El amplificador me lo regalo un amigo que lo estaba por tirar, parece estar bastante bien, todavía no estoy seguro que funcione todo, pero varias partes que fui probando funcionan. Partiendo del esquema y las componentes del amplificador Silco [Figura 1] empecé a buscar algún amplificador para guitarra que sea similar y encontré un esquema llamado “Kalamazoo” que hace una adaptación del fender 5F1 [Figura 2] pero con modificaciones para usar como válvulas de potencia las EL84 que son las que tengo en el Silco.

El proyecto me parece viable, ya que a simple vista las componentes y el esquema son muy similares (El 5F1 tiene un solo canal por lo que tengo sobrada la fuente y el doble de componentes). Pero Tengo algunas dudas puntuales y otras más generales, algunas quizás muy básicas pero es mi primera incursión en el mundo de los equipos valvulares:

*Consulta 1 - El transformador de salida:*

Por lo que pude ver, al amplificador se le habían remplazado los transformadores de salida, y acá me surgen algunas dudas. Primero el estado de los transformadores y luego como conectarlos, ya que estos transformadores de remplazo tienen 3 cables en el primario. Lo transformadores son marca Stilton 0014205 Ultra lineal Simple 6W 5K con tres cables en el primario (se ve que tiene algún punto medio) y en el secundario 3 cableas también, para 4 y 8 ohm.
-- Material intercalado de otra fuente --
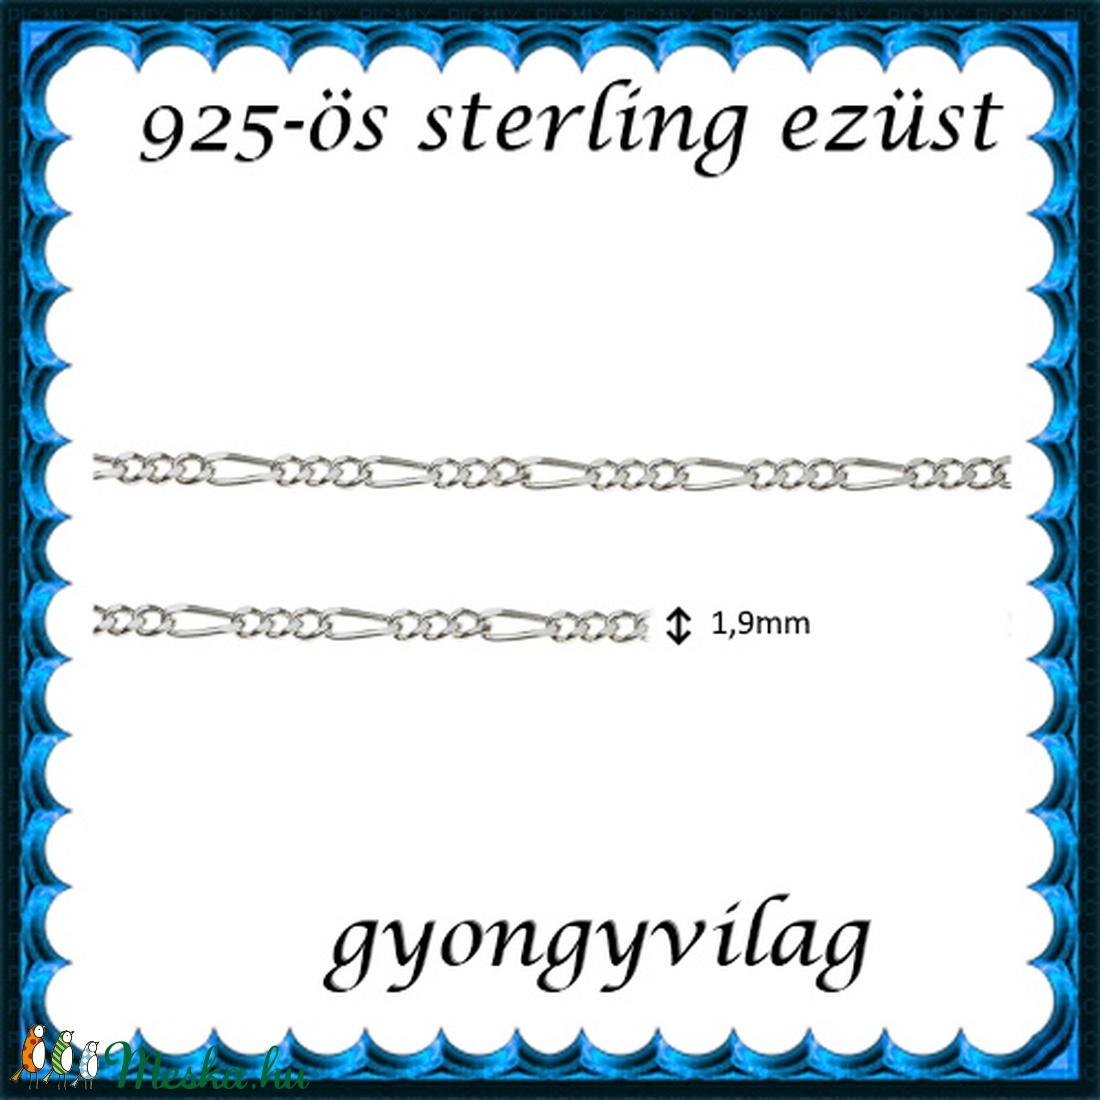 925-ös sterling ezüst ékszerkellék: lánc méterben EL09-1,9 - gyöngy, ékszerkellék - Meska.hu
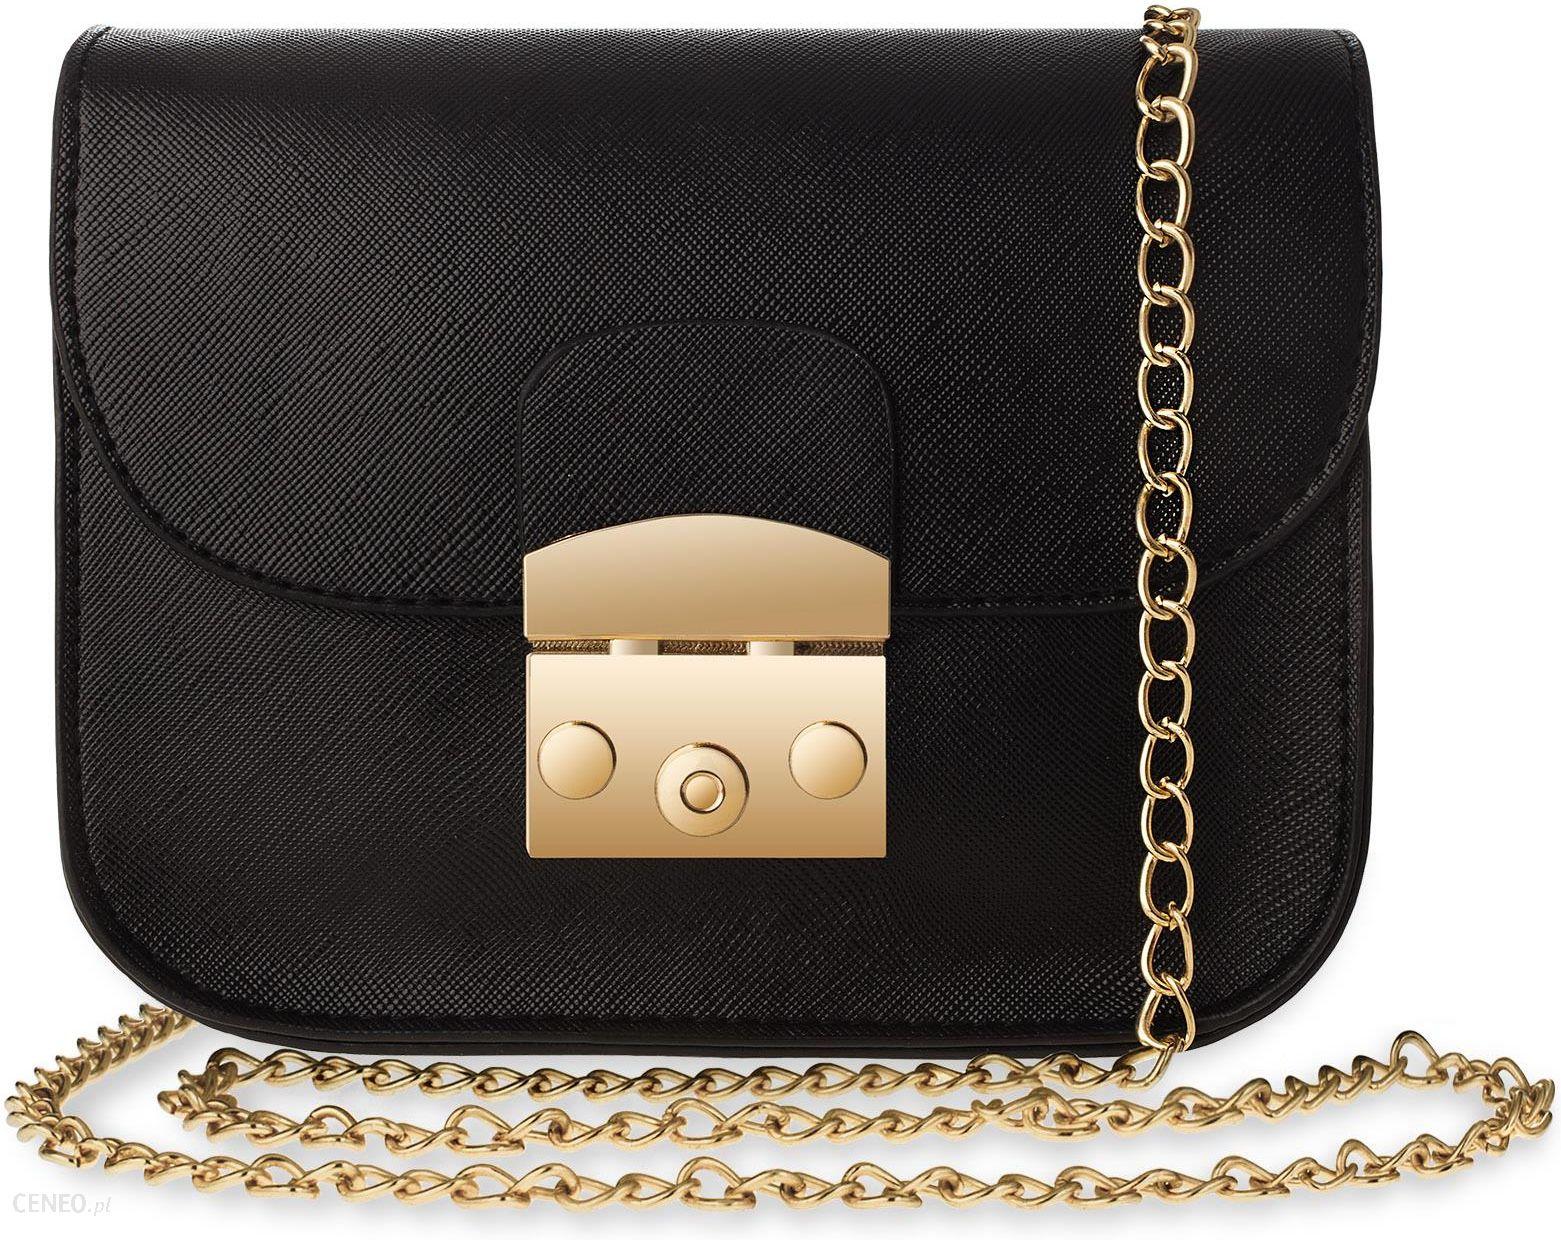 5077f490f2666 Elegancka klasyczna listonoszka sztywna torebka damska chanelka na  łańcuszku - czarny - zdjęcie 1

Sobre el estado de los transformadores, la primera prueba fue medir la resistencia en el primario. Estas me dieron valores distintos entre el central y los dos extremos: 200 ohm y 400 ohm y entre extremos 600 ohm.  Esto por lo que vi, es indicio de que el transformador mal, igualmente me llamo la atención que los dos transformadores de salida me arrojaron los mismos valores en estas mediciones. Luego conecte los extremos del primario a 220V y me dio un voltaje de 9V (con los extremos del secundario la conexión a 8 oh), con lo cual me dice que se cumple la relación de transformación, y además lo tuve una hora conectado y no calentó. Señal de que funciona bien, y dado los resultados ambiguos de las pruebas, no se cual es el estado  los transformadores.

Sobre la conexión, pensaba usar solo los extremos del primario y del secundario y anular los puntos medio, ya que como pude ver se cumple la relación de transformación de 5K ohm a 8 ohm (voy a usar parlante de 8ohm). ¿Está bien esto o puedo estar metiendo la pata en algo?

Otra cosa que me llamo la atención y me causo un poco de preocupación, toque con el busca-polo la carcasa del transformador cuando estaba el primario conectado a 220V y predio la lampara. Medí continuidad entre todos los cables del transformador con la carcasa y me da infinito o sea que no esta tocando nada. ¿Me tengo que preocupar?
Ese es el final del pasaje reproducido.